Distributed rate limiting relies on shared counter storage. Redis is the natural choice:
Distributed rate limiting with Redis:
# IP-level rate limiting (sliding window)
EVAL "
local key = KEYS[1]
local window = tonumber(ARGV[1]) -- window size in seconds
local limit = tonumber(ARGV[2]) -- threshold
local now = tonumber(ARGV[3]) -- current timestamp (ms)
local window_start = now - window * 1000
-- Remove entries outside the window
redis.call('ZREMRANGEBYSCORE', key, 0, window_start)
-- Count requests within the window
local count = redis.call('ZCARD', key)
if count >= limit then
return 0 -- reject
end
-- Add current request to sorted set
redis.call('ZADD', key, now, now .. ':' .. math.random())
redis.call('EXPIRE', key, window + 1)
return 1 -- pass
" 1 "ratelimit:login:ip:192.168.1.1" 60 30 1715692800000
Autional gateway-service has this Redis rate limiter built in—developers don’t need to implement it themselves. It auto-enables distributed mode via redis connection info in the gateway config; if Redis is unavailable, it gracefully degrades to local rate limiting (each instance counts independently) and triggers an alert.
Real-World Scenario: Complete Brute-Force Defense Chain
Back to the attack scenario at the beginning. Here’s Autional’s layered response:
Time: 03:00:00
Attack begins → 3,000 login requests/second from 200+ IPs
03:00:02
Global rate limit triggered: requests exceed 500 in 10-second window
→ gateway-service returns 429 Too Many Requests
→ System auto-scales gateway-service instances (Kubernetes HPA)
03:00:05
IP-level rate limit triggered: each attacking IP is individually limited
→ Attacker IPs enter the blocklist for 15 minutes
→ Legitimate users are unaffected (their IPs are far below the threshold)
03:00:10
User-level rate limit triggered: multiple IPs detected trying the same account
→ Account enters "protected" mode
→ Subsequent login attempts require MFA (WebAuthn)
→ Security alert triggered, email sent to account owner
03:00:30
Adaptive MFA engine activates:
→ Composite score: unknown device fingerprint + low IP reputation + multi-location + high failure rate = extreme risk
→ Further requests for protected accounts are directly rejected
→ Security team receives alert push notification
03:05:00
Attack traffic subsides.
→ Blocked IPs auto-unblock after 15 minutes
→ System returns to normal
→ Audit log has a complete record of the entire attack
Golden Rules of Rate Limiting Configuration
1. Never Rely Solely on IP Rate Limiting
IP rate limiting is only the first line of defense, not the only line. It must be paired with user-level rate limiting.

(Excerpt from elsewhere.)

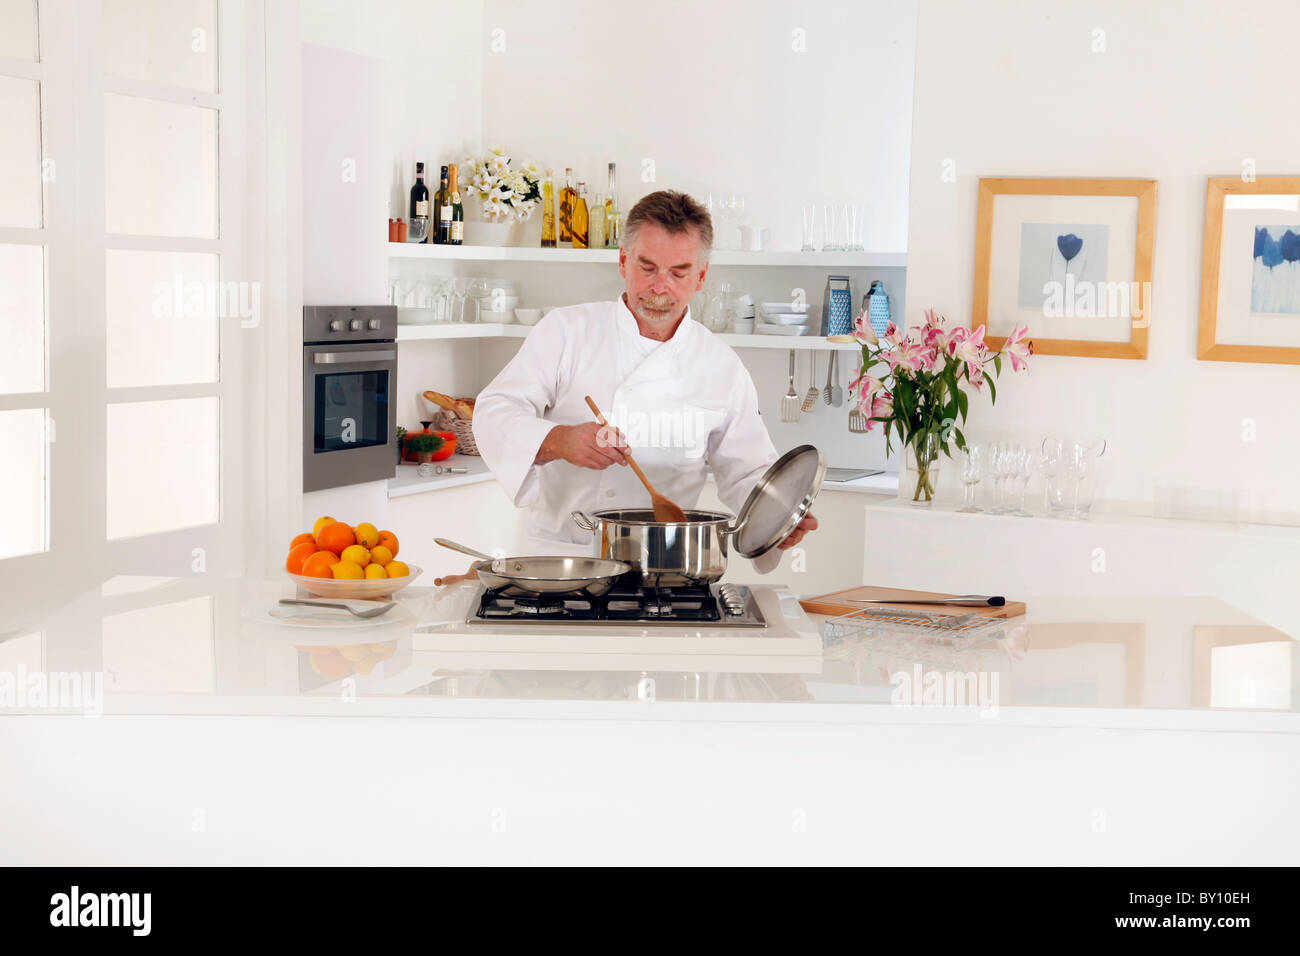 CHEF COOKING IN KITCHEN Banque D'Images

2. Thresholds Should Come From Data
Don’t guess thresholds. Analyze your normal traffic patterns:
- How many login attempts does a normal user make in 1 minute? (Use p99, not average)
- How many logins per hour for a normal user? (Use max)
- What are the p95 and p99 request rates for your login endpoint?
Set thresholds at 3-5x the normal p99—enough buffer for abnormal behavior but effective at stopping attacks.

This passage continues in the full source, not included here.